I thought I was clear, but let me re-iterate: the goal of changing the defaults of LINQ in AOT was primarily to eliminate the use of GVMs that caused quadratic growth. This code has already been shipping in mono/mobile scenarios for years.

We knew that there was a potential for regression, but didn't know if people were actually using the code patterns that are a lot slower (read: places where we went from a constant-time algorithm to a linear-time algorithm).

It turns out there are. If we can reintroduce optimizations without GVMs to restore these paths to the same algorithm complexity, that seems like the best-case scenario. We can take a ~constant size increase while taking a ~linear time speed improvement.

If someone wants to actually try to implement that, it would be helpful. Otherwise, we'll look into it before shipping .NET 10.

@tfenise
Copy link
Contributor

tfenise commented Apr 26, 2025

If I understand it correctly, it's the optimizations with Select that actually cause the quadratic growth, so there are #109978 and

public virtual IEnumerable<TResult> Select<TResult>(Func<TSource, TResult> selector) =>
!IsSizeOptimized
? new IteratorSelectIterator<TSource, TResult>(this, selector)
: new IEnumerableSelectIterator<TSource, TResult>(this, selector);

If the goal is only to avoid the quadratic growth (and some linear growth is acceptable), instead of deoptimizing Select<TSource, valuetype> for all Iterator<TSource>, we could just deoptimize Select<TSource, valuetype1> for those Iterator<TSource> with multiple generic parameters, like IListSelectIterator<valuetype2, TSource>, but still retaining IList<>-like behavior when possible. This way, the code size would still be larger than with "SizeOptimizedLinq" enabled, but probably not a quadratic growth. "Places where we went from a constant-time algorithm to a linear-time algorithm" would probably be avoided.

@agocke
Copy link
Member

agocke commented Apr 26, 2025

Yup, that’s my read too. But I haven’t actually tried the changes so I won’t promise anything

@xPaw
Copy link
Contributor

xPaw commented Apr 27, 2025

Besides the performance discussion, I'd like to point out that UseSizeOptimizedLinq is not a documented option and if you try to google it you get 5 links and the first link is this issue.

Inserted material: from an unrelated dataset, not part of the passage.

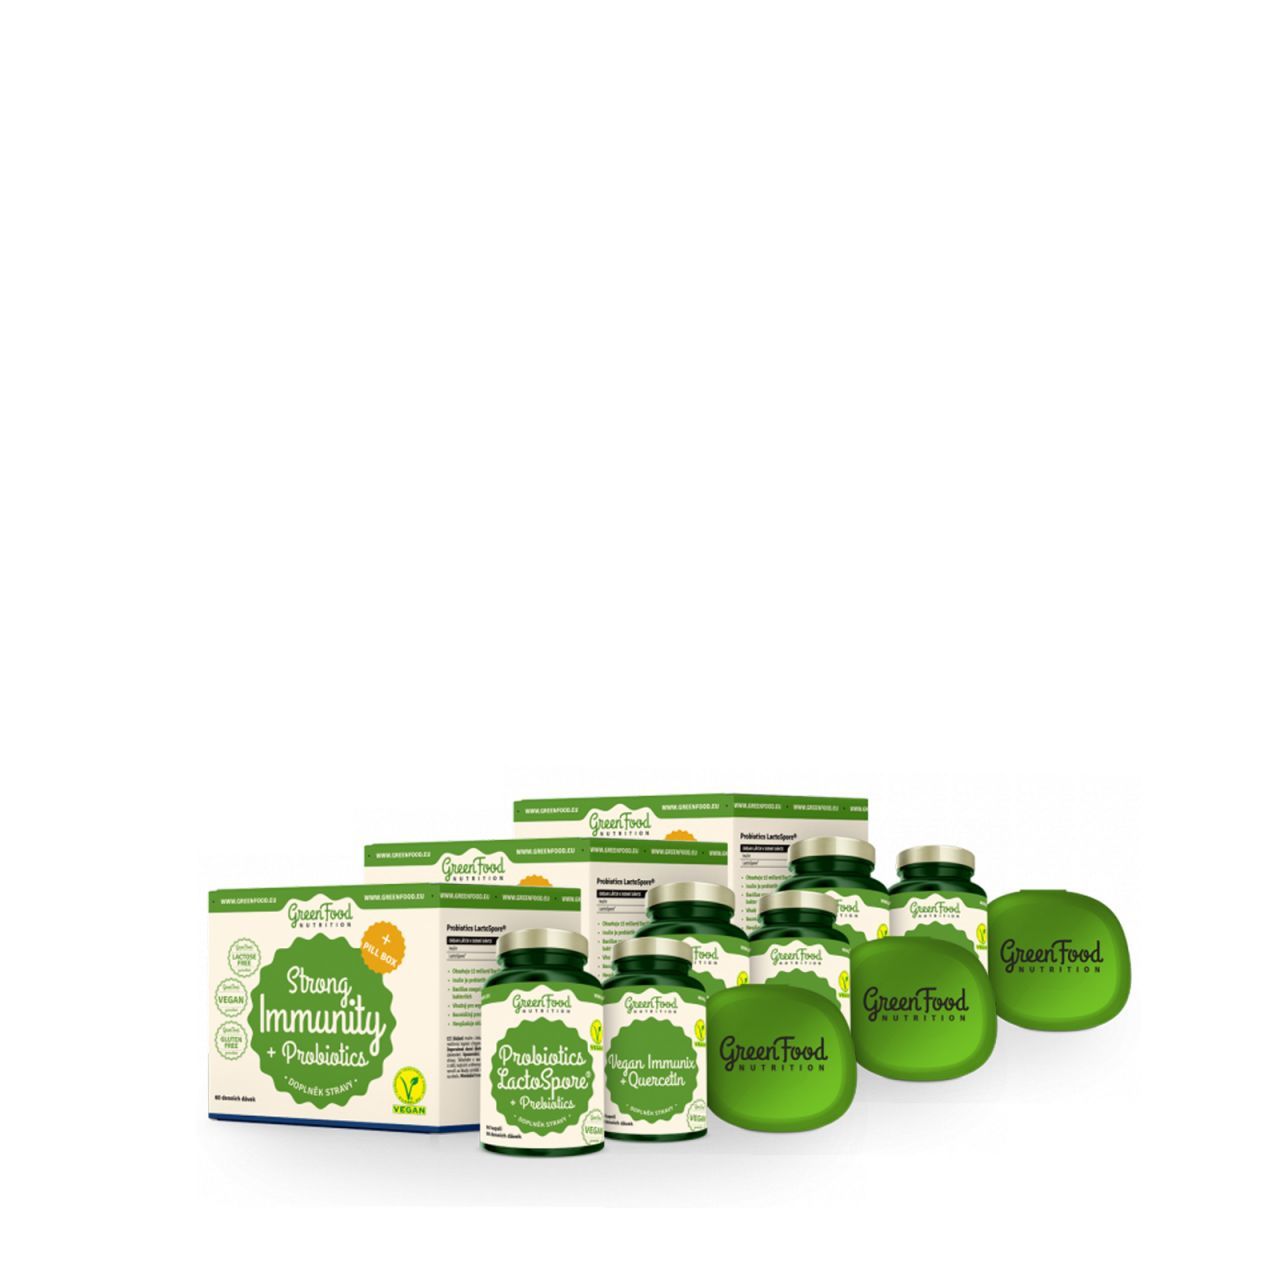 Erős immunrendszer csomag, GreenFood Nutrition Strong Immunity & Probiotics Box, 3 csomag

System.Linq.Enumerable.IsSizeOptimized is giving 2 results. So I don't know how anyone is supposed to know that LINQ even has this option to have sub-par code path for some operations (seems questionable to me that this option needs to exist, but that's a different discussion).

@HighPerfDotNet
Copy link

That made me wonder too - is there a general option during compilation to check if this is size optimised build or not?

@agocke
Copy link
Member

agocke commented Apr 27, 2025

It’s now part of OptimizationPreference, which is well documented. “Default” is a balanced approach where we use best judgement to pick the right implementation for most users. There are no plans to specifically call out LINQ, as the same tradeoff can be present in numerous APIs.

@HighPerfDotNet
Copy link

the same tradeoff can be present in numerous APIs.

I hope not!

@tannergooding
Copy link
Member

tannergooding commented Apr 27, 2025

One thing that needs to be noted is that this particular example is 2400 times slower, but it is not that "all" instances of Skip/Take are 2400 times slower.

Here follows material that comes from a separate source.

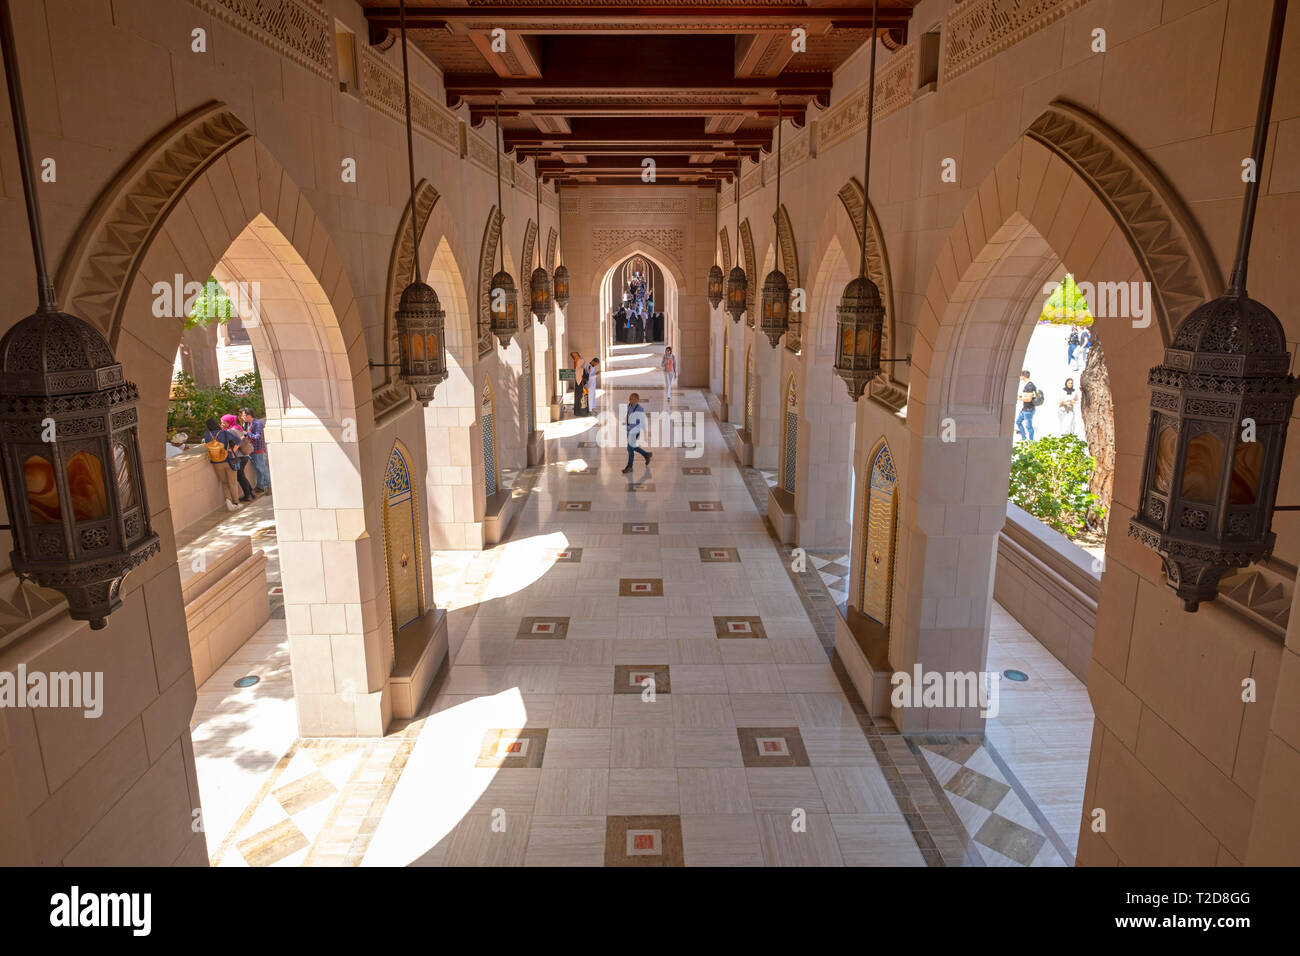 Sultan Qaboos Grand Mosque in Muscat, Oman Stock Photo

This particular example happens to be highlighting the already existing worst case potential for Skip/Take on something that isn't an IList<T> or the internal Iterator<T> type (therefore having a known Count, Indexer, and/or CopyTo method). This same scenario would occur for many different LINQ patterns regardless of the UseSizeOptimizedLinq change, this includes if you just inserted a Where or Select clause, which are decently typical in real world LINQ.

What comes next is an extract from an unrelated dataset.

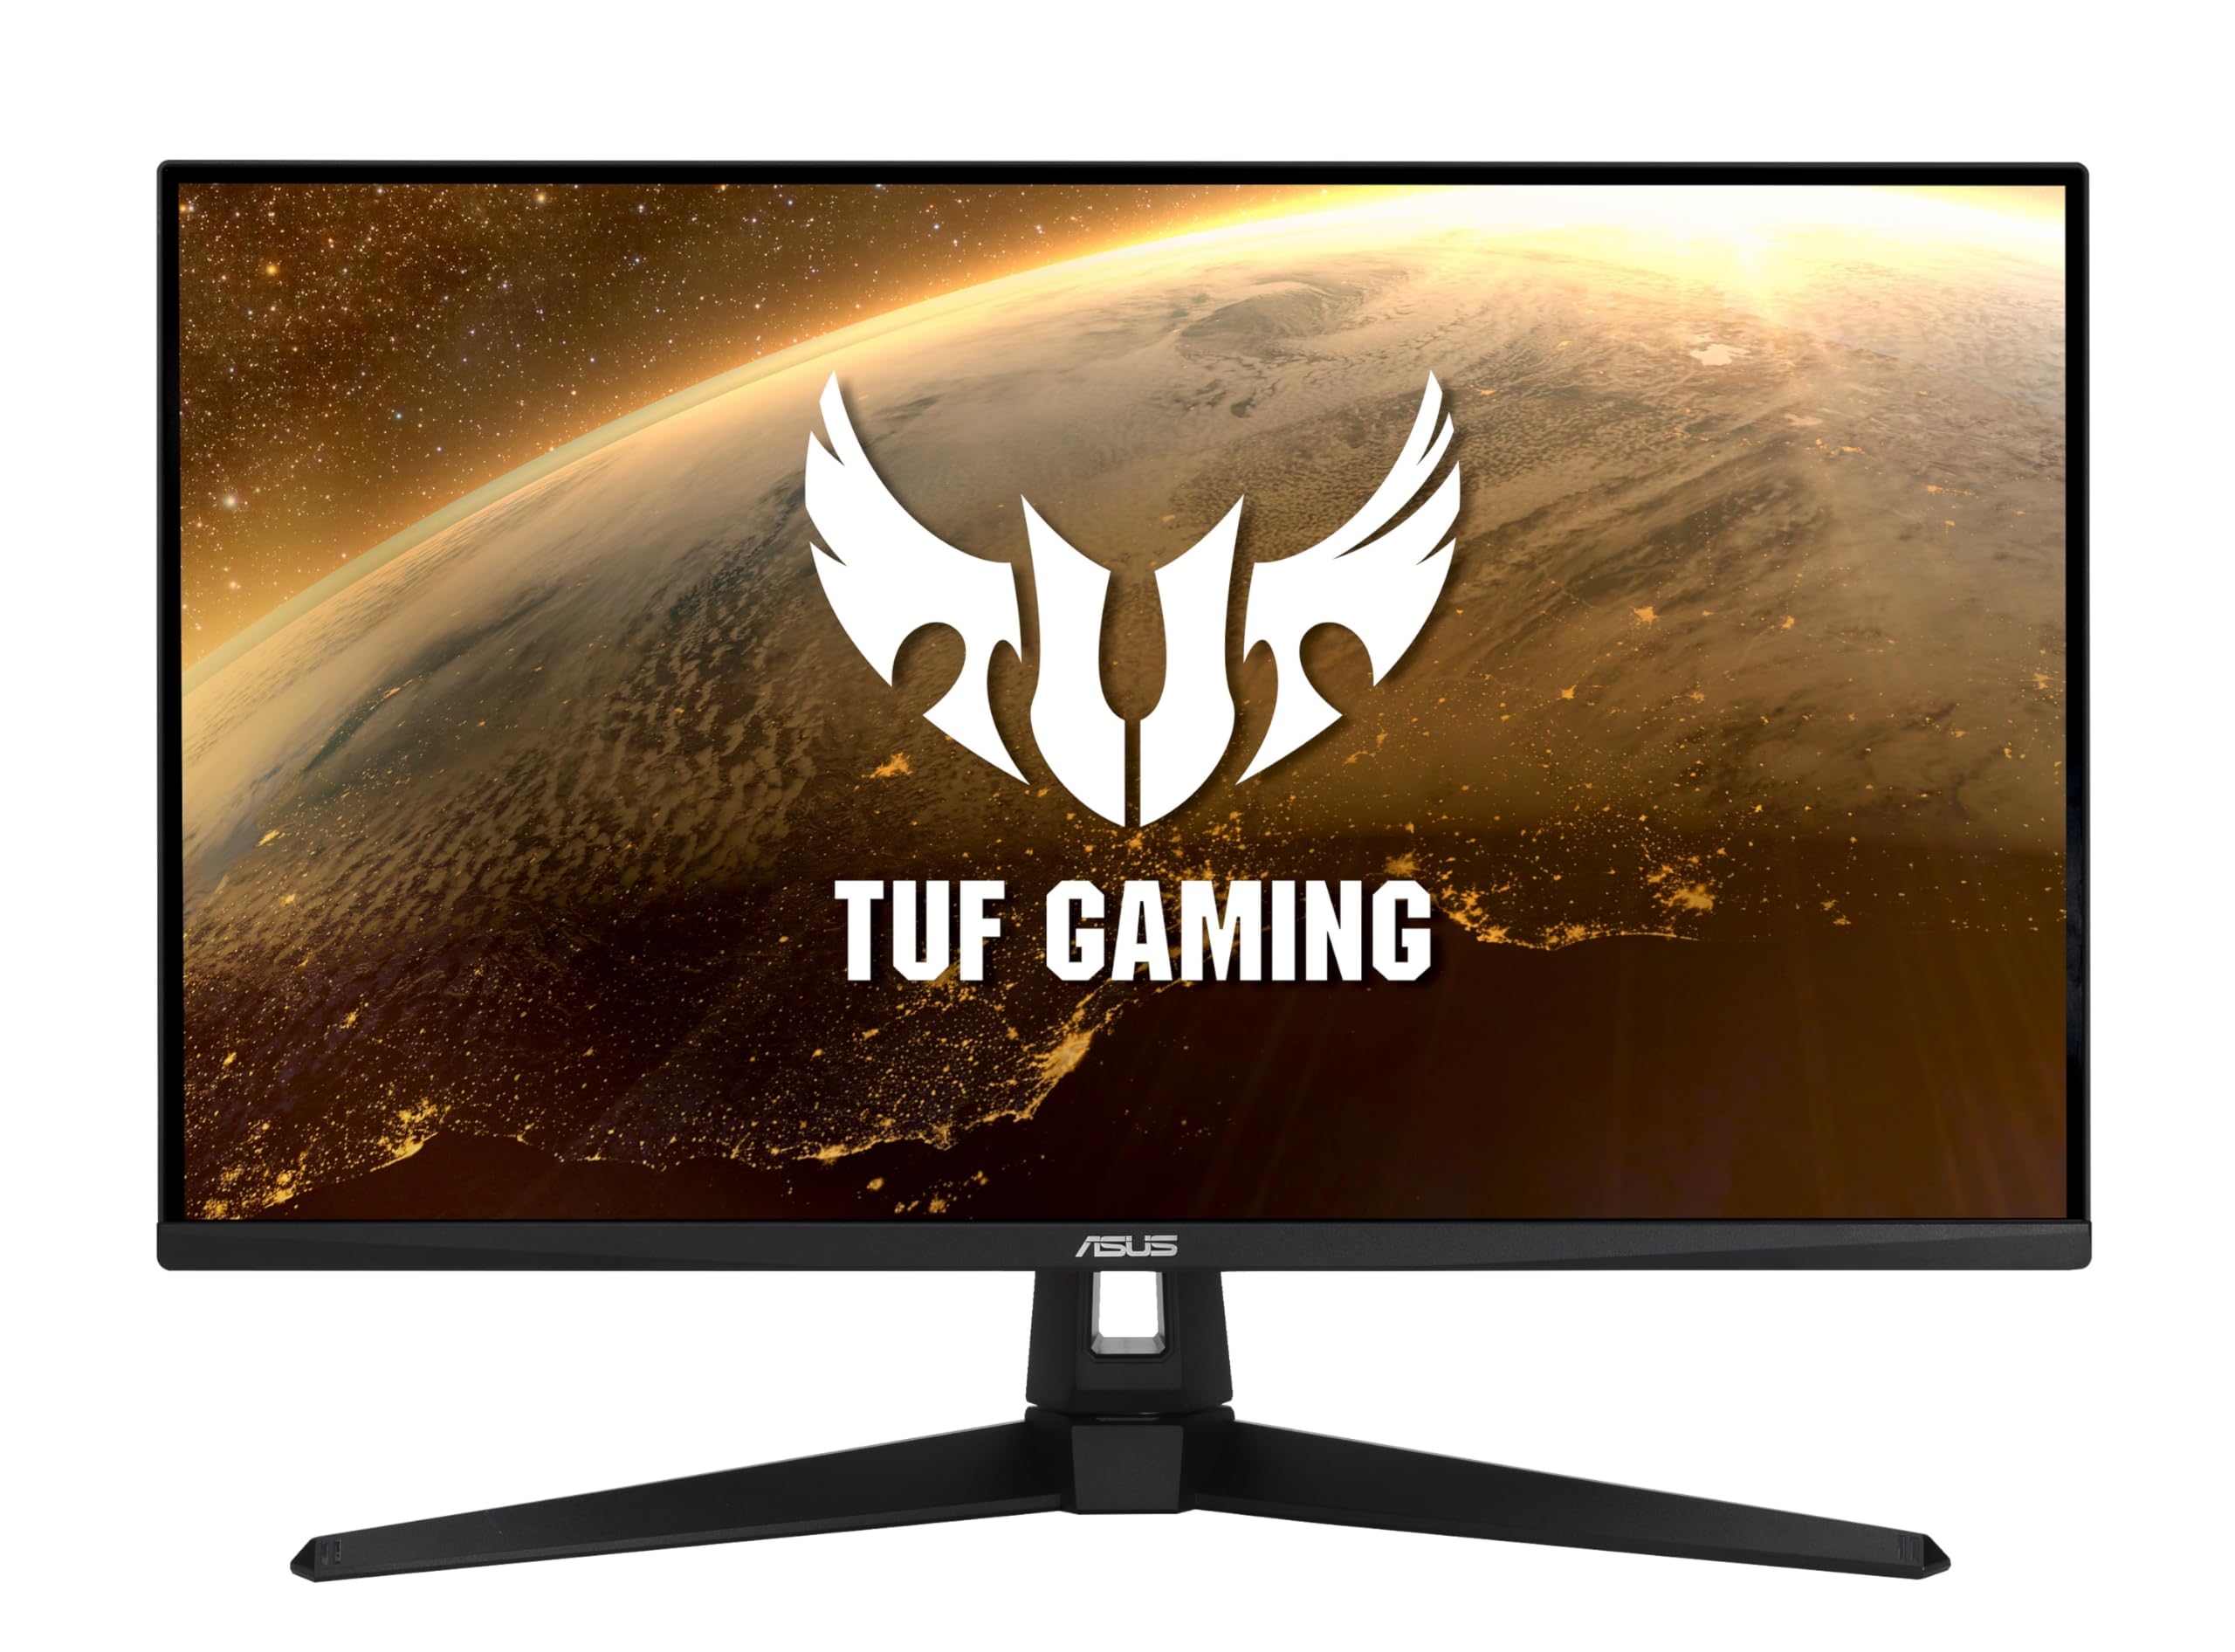 ASUS TUF Gaming VG289Q1A - 28 Zoll UHD 4K Monitor - 60 Hz, 5ms GtG, FreeSync, HDR 10 - IPS Panel, 16:9, 3840x2160, DisplayPort, HDMI

So the actual cause of the regression here is that certain LINQ operations no longer produce an IEnumerable<T> where the underlying type is IListSkipTakeIterator<T> which means that later LINQ operations may now hit the already existing worst case.


The reason the regression looks so egregious is then because the input in the sample above is 4.2 million elements. This would roughly a 16 megabyte allocation for real input (assuming just int) and would exist on the Large Object Heap (LOH -- anything over roughly 85 kilobytes goes here) and already has many special considerations.

In this worst case, it is then using Skip/Take to chunk the data into x element sequences. Because the source is no longer countable/indexable, it ends up walking x * i items, then copying out x items, and repeating this process Count / x times. With each new iteration having to re-enumerate all items the previous iteration walked and thus resulting in a ton of duplicated work.

For the scenario where UseSizeOptimizedLinq=false the code is still non-ideal and is still doing a "lot" of unnecessary work, work which scales with the size of the input enumerable. But, it is still able to finish quickly because the step of "walk x * i items" becomes a couple of branches with an early exit so the cost appears negligible.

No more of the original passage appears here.